What Animal Is Used For Neurological Studies

Inquiry January/February 2010

By Gina Shaw

The Ways Neurology Benefits from Research Using Animals

The use of animals in medical inquiry has proven vital to understanding and developing treatments for for almost every neurologic disorder.

Back in the 1930s, patients receiving early on rabies vaccines occasionally developed neurologic complications so severe that the situation was called a "neuroparalytic catastrophe." About one percent of recipients of the vaccines—which had been grown in duck embryos—developed fevers, contradistinct mental status, seizures, and limb weakness. Sometimes the reaction was fatal.

When the brains of people who died subsequently these reactions were examined, the changes in the brain tissue didn't resemble rabies, every bit doctors were expecting. Instead, they resembled a astringent course of multiple sclerosis (MS). Scientists wondered if information technology was possible that the patients had had an allergic reaction to the brain tissue from the duck embryos in the vaccine, and more than tantalizingly, if a similar "allergic reaction" was going on in MS itself.

"The proof of the pudding was when they were able to take duck brain tissue without any rabies in it and recapitulate the disease, first in nonhuman primates, and so rodents," says Richard Ransohoff, Thousand.D., director of the Neuroinflammation Enquiry Center at the Cleveland Dispensary in Ohio. That disease model of MS became known as experimental autoimmune encephalomyelitis (EAE), and it has provided some of the most of import insights into the origins, pathology, and handling of MS. In fact, EAE is one of the oldest animate being models known to be of any man disease.
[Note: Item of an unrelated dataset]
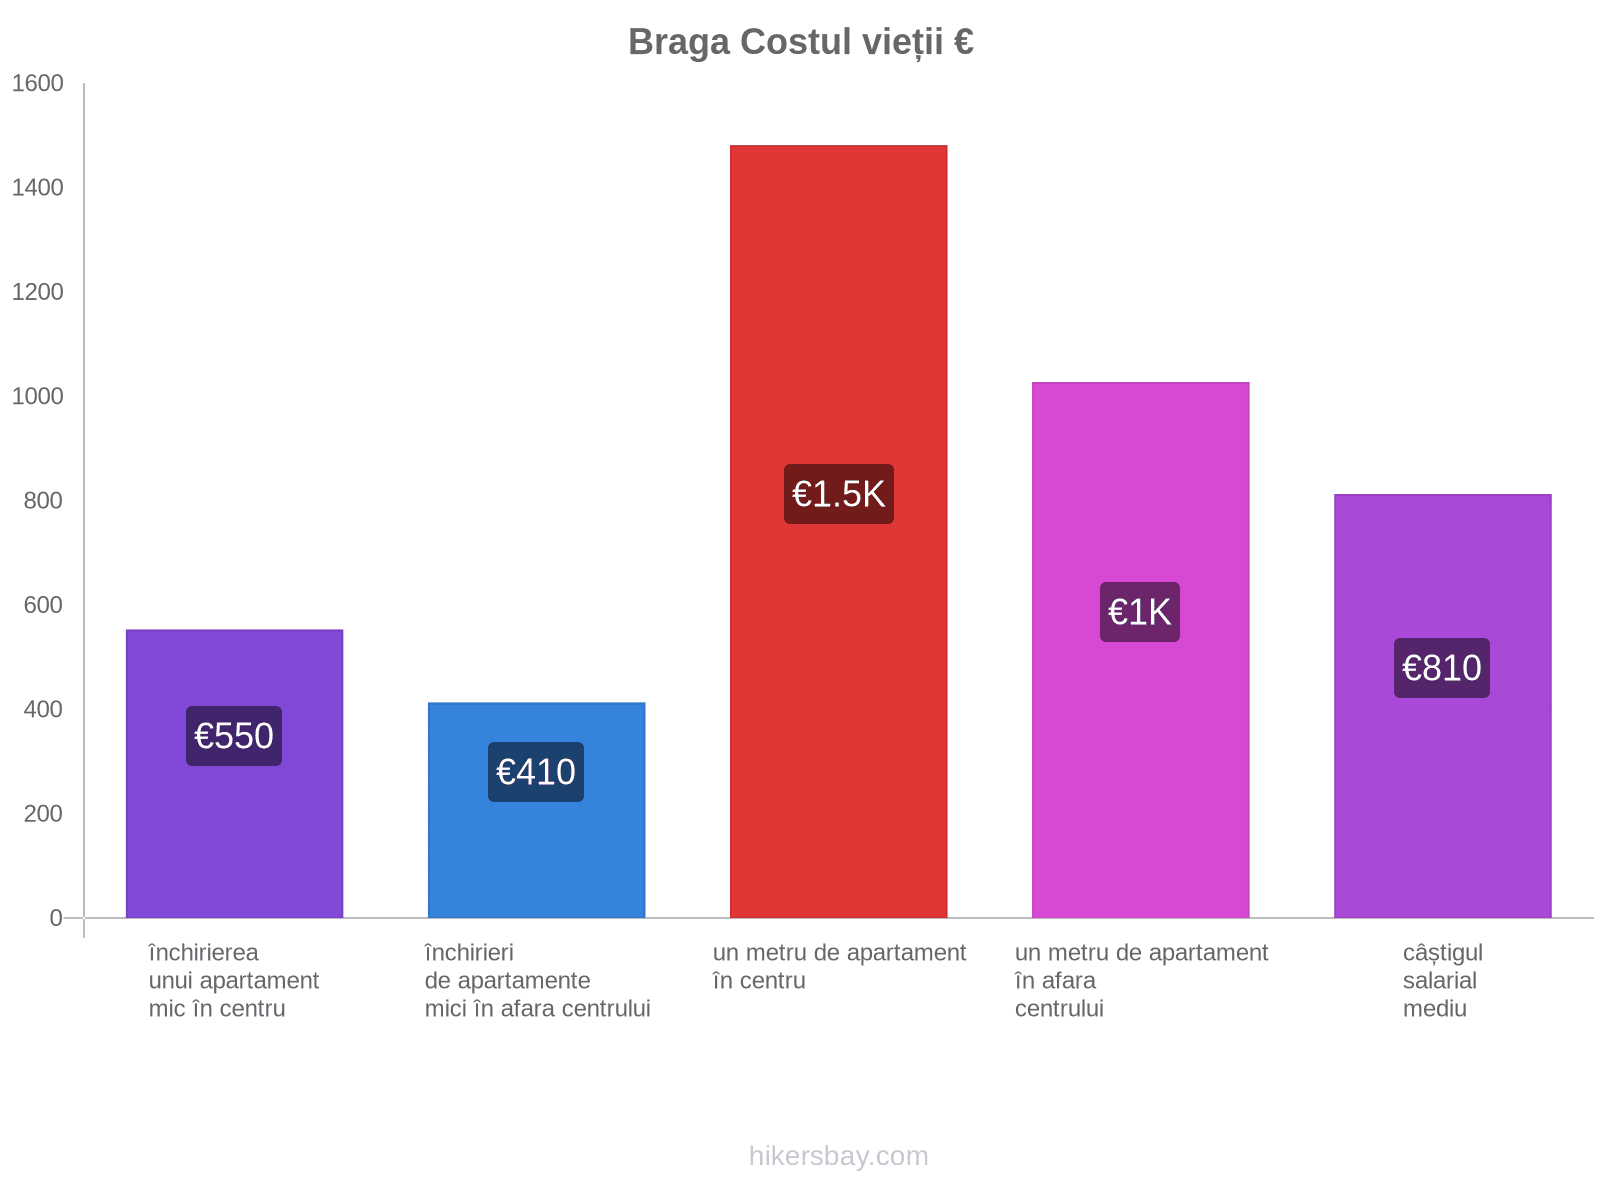 Braga costul vieții hikersbay.com

"Our entire theory of MS has been in large part shaped by feel with EAE," says Dr. Ransohoff.

Earlier virtually any drug manufactured today is tested in a man, it is first studied in animals—usually mice or rats, and sometimes when necessary in other mammals like primates. Scientists can't learn everything almost how a drug will behave in human beings past studying it in animals, just they tin glean many of import insights almost effectiveness, side effects, and dosage levels.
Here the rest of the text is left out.